Using regex patterns to transform HTML list elements into Jira formatting

TomDream42 · August 5, 2025, 6:01pm

I have a limited tool that can only do regex replacements using Boost library functions. No HTML parsing libraries are available. I need to convert HTML content to Jira markup and most formatting works fine with simple regex patterns.

The challenge is with mixed list types. Here’s what I’m working with:

<div>Ordered items:</div>
<ol>
    <li>First entry</li>
    <li>Second entry</li>
    <li>Third entry</li>
</ol>
<div>Unordered items:</div>
<ul>
    <li>Alpha point</li>
    <li>Beta point</li>
    <li>Gamma point</li>
    <li>Delta point</li>
</ul>

Target Jira output should be:

Ordered items:
    # First entry
    # Second entry
    # Third entry
Unordered items:
    * Alpha point
    * Beta point
    * Gamma point
    * Delta point

I can handle single list types easily but struggling with documents containing both ordered and unordered lists. Can this conversion be achieved using only regex replacement patterns?

nina.k · August 19, 2025, 3:06am

Regex gets messy here because you need context - is each <li> inside <ol> or <ul>? You’d need multiple passes and it becomes fragile.

I hit this exact problem when our team needed to convert docs to wiki format. Tried regex first - total nightmare to maintain.

Automation saved us. Set up a flow that takes HTML input, parses it properly (no regex hacks), and spits out clean Jira markup. You can handle complex stuff like nested lists, mixed content, and weird edge cases without writing hundreds of regex patterns.

For your case, build a simple automation that:

Identifies list contexts properly
Maps <ol><li> to # format
Maps <ul><li> to * format
Handles spacing and structure

This scales when you need more HTML elements or different output formats. Plus you get validation, logging, and error handling.

Check out Latenode for building transformation flows like this. Way cleaner than wrestling with regex: https://latenode.com

wanderingWeasel · August 18, 2025, 2:14pm

Skip the regex headache and automate this conversion instead.

I hit the same wall with legacy docs. Regex works initially but turns into a nightmare once you add nested lists, broken HTML, or need different formats down the road.

Automated workflows handle HTML parsing way better. Feed it raw HTML, it reads the document structure properly (no regex guessing), and spits out clean Jira markup every time.

Here’s how it works:

Parse HTML input (zero regex)
Walk the DOM structure
Convert ol/li to numbered format
Convert ul/li to bullets
Handle spacing and indentation right

This scales when requirements change. Need nested lists? Done. Different markup? Just tweak the output mapping. Error handling’s built in.
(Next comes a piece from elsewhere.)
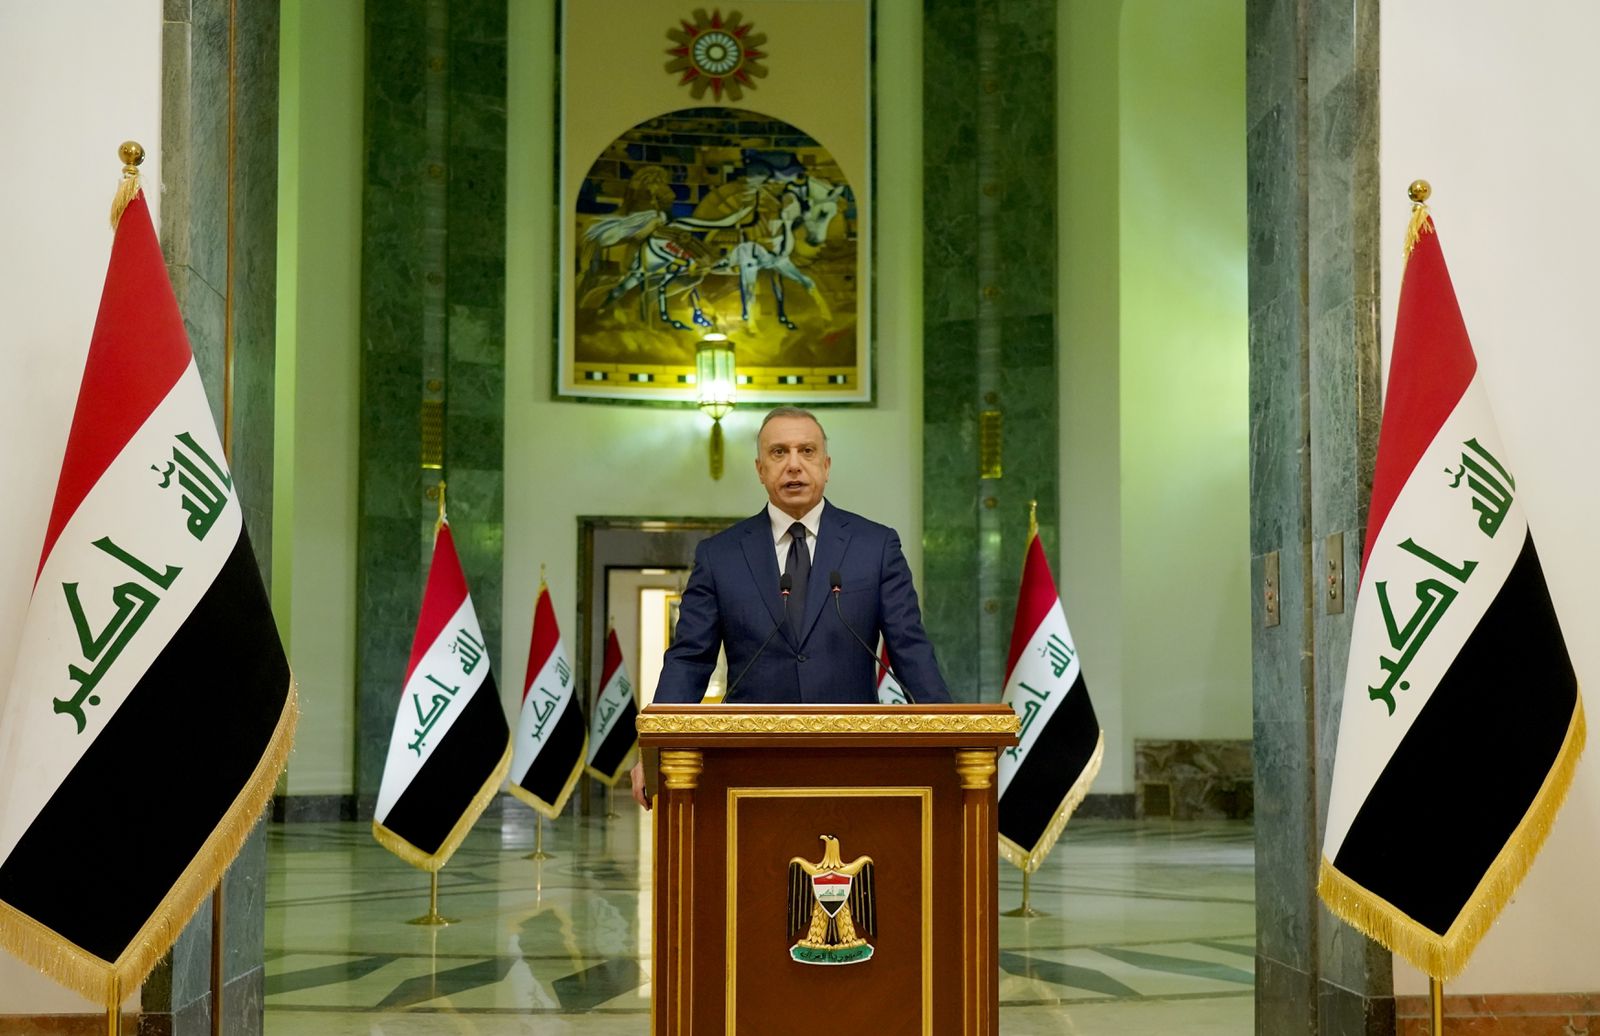 Iraq's PM: We will contribute to everything that helps stabilize the region
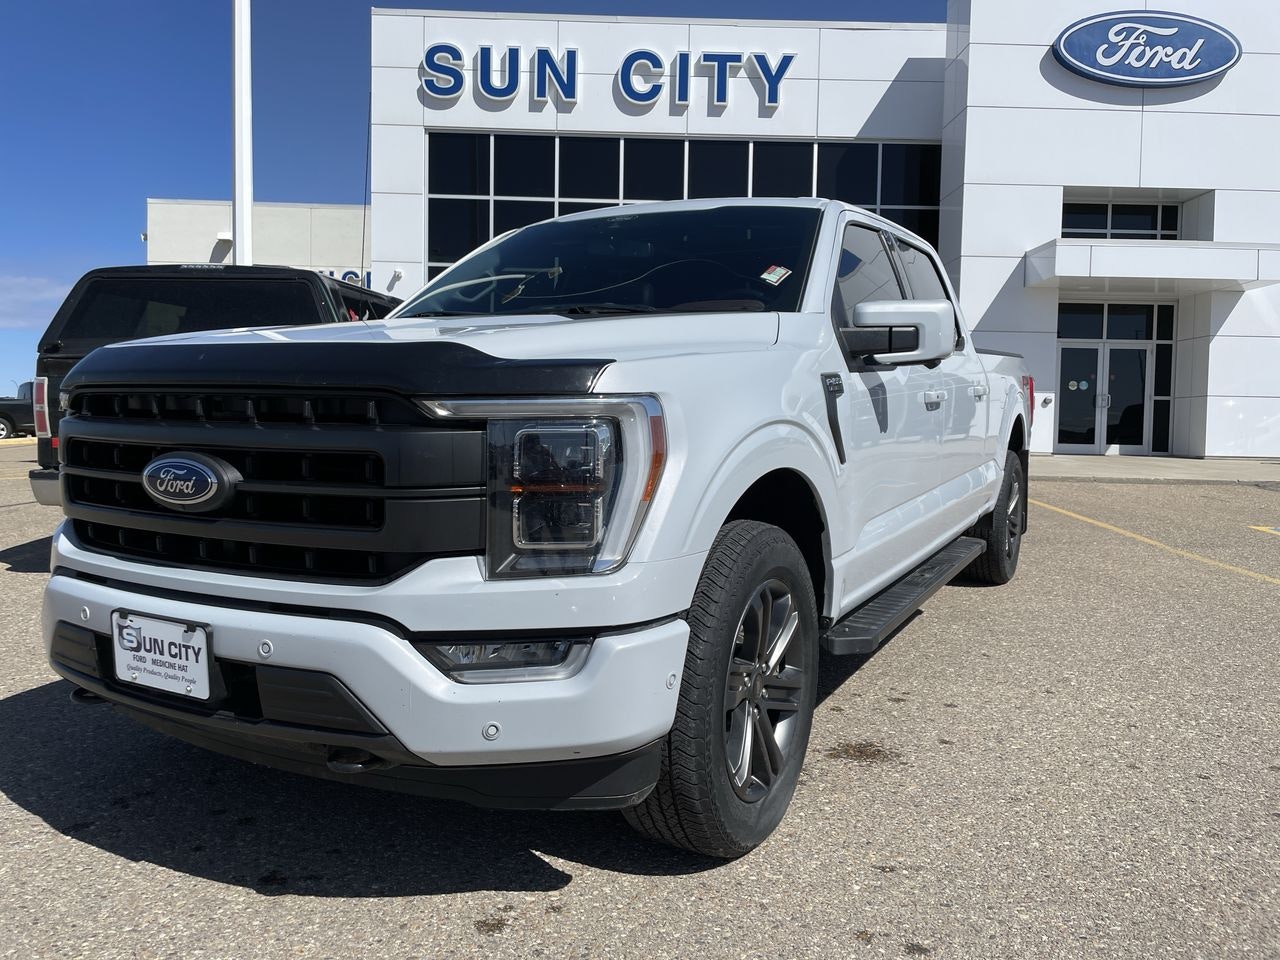 2021 Ford F-150 Lariat Sport FX4 502A LONG BOX with MOON ROOF (TS24013A) Main Image

Latenode makes these document workflows dead simple. Way cleaner than babysitting fragile regex: https://latenode.com

JollyMusic3 · August 16, 2025, 8:39am

Regex for this gets tricky because you need to preserve context. The main issue is telling <li> elements apart based on their parent containers. I’ve dealt with this converting old documentation - capturing groups that include the parent list type work best. Don’t process <li> tags alone. Instead, grab the whole list structure: <ol>\s*((\s*<li>[^<]*</li>\s*)+)\s*</ol> for ordered lists. Then inside that captured group, replace each <li>([^<]*)</li> with # $1. Same thing for unordered lists but use * markers. The key insight? Treat each complete list as one unit, not individual items. This stops different list types from interfering with each other and keeps context intact. You’ll need nested replacements or some intermediate steps, but it’s totally doable with Boost regex if you structure the patterns right.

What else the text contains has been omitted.